Der "konsequenteste Marxist"

Der albanische Parteichef Enver Hoxha, der im Alter von 76 Jahren gestorben ist, wird von den albanischen Massenmedien als der letzte konsequente Marxist gefeiert.

Frankfurter Rundschau, 12. April 1984
Keiner habe wie er die Lehren von Marx, Engels, Lenin und Stalin verteidigt, erklärten die Staats- und Parteiorgane in einem Nachruf, den der Staatsrundfunk am Donnerstagnachmittag in 21 Sprachen in alle Welt verbreitete. Er habe die Einheit der Nation geschaffen, und die tiefgreifenden sozialen und kulturellen Wandlungen nach 1945 hätten Albanien unter seiner Führung zu einem "fortgeschrittenen sozialistischen Land" gemacht, in dem Wohlstand, Demokratie, Bildung und Kultur für die Massen verwirklicht seien.

Hoxha ist am 16. Oktober 1908 als Sohn eines wohlhabenden Moslems in Gjirokaster geboren; seine Biographen sind sich nicht einig, ob sein Vater Apotheker oder Tuchhändler war. Enver Hoxha studierte nach 1930 in Montpellier und Paris und arbeitete seit damals mit französischen Kornmunisten zusammen, was ihn später eine Anstellung als Konsulatssekretär in Brüssel kostete. Als Französischlehrer nahm er 1941 am Gründungskongreß der Nationalen Befreiungsfront teil. Seitdem war er Berufsrevolutionär, seit 1943 auch Vorsitzender der Kommunistischen Partei.

Die Unabhängigkeit rief eine von Hoxha geführte Regierung am 10. November 1944 aus, doch geht diese Unabhängigkeit auch auf das Zusammenwirken mit den Partisanen aus Jugoslawien unter Josef Broz Tito zurück. Nach dem Bruch zwischen Tito und der UdSSR (1948) schloß sich Hoxha eng an Moskau an und ließ die vOn Koci Xoxe geführte "nationalkommunistische" Parteiopposition liquidieren.

Der Entstalinisierung (1956) entzog sich Hoxha. Die Aussöhnung zwischen Moskau und Belgrad (1955) isolierte Albanien zunächst, doch entwickelte sich nach 1960 eine enge Zusammenarbeit mit China. Hoxhas Parteiführung (von 1954 an führte er den Titel "Erster Sekretär") verfolgte ein radikales Agrarreformprogramm und forcierte schwerindustrielle Projekte in dem nur 2,8 Millionen Einwohner zählenden Land.

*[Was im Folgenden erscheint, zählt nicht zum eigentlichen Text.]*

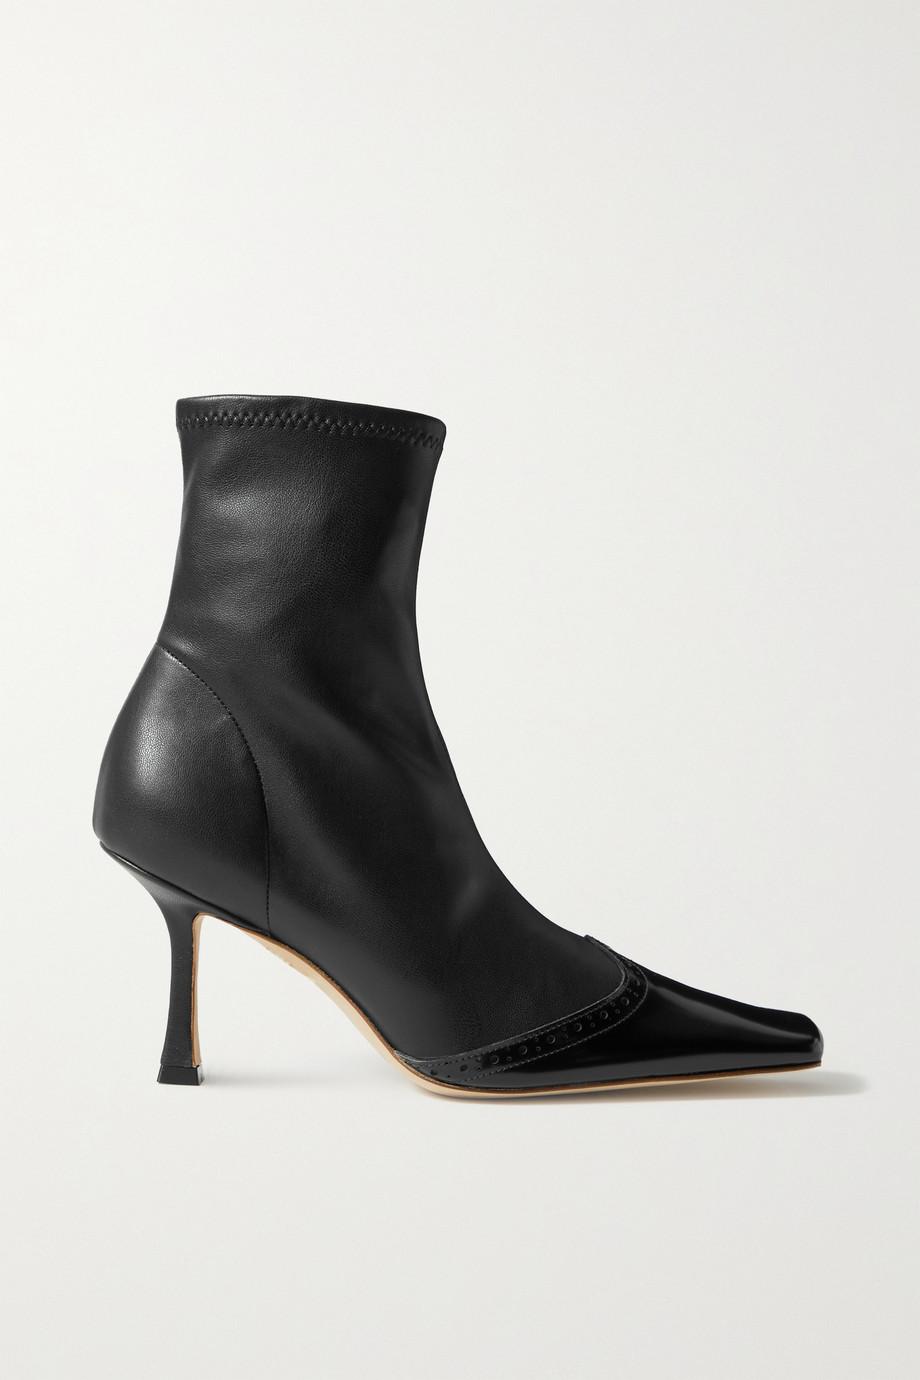 A.W.A.K.E. MODE Bernie paneled faux leather ankle boots

Die islamischen Traditionen der albanischen bäuerlichen Stämme ließ Hoxha radikal ausrotten; 1967 wurde das Land zum "ersten atheistischen Staat der Welt" erklärt. Ein Jahr später trat es als bisher einziger Staat formell aus dem "Warschauer Pakt" aus, dem östlichen Militärbündnis, dem es seit seiner Gründung (1955) angehört hatte.

Die Veränderungen der chinesischen Politik, nach dem Tod des ultralinken Parteiführers Lin Biao (1971) veranlaßten Hoxha zum Bruch mit China, der nach Mao Tsetungs Tod (1976) auch offiziell vollzogen wurde. Im Zusammenhang damit veranstaltete Hoxha eine weitere Parteisäuberung, der (1974) Verteidigungsminister Beqir Balluku zum Opfer fiel.

Die albanischen Massenmedien feiern Hoxha auch als bedeutenden marxistischen Theoretiker, doch enthalten seine umfangreichen Schriften kaum Spuren eigener schöpferischer Tätigkeit, dafür viel Anklagen gegen Marxisten in allen anderen Ländern und anekdotenhafte Beobachtungen vor allem über die chinesischen, sowjetischen und jugoslawischen Führer. Der kaum übersehbare Einfluß Hoxhas auf die Entwicklung Albaniens beruht weniger auf seinem theoretischen Format als auf der Allgegenwart der von ihm 1943 gegründeten Partei und der ihr nachgeordneten Organisationen von der Armee bis zum Kinderverband.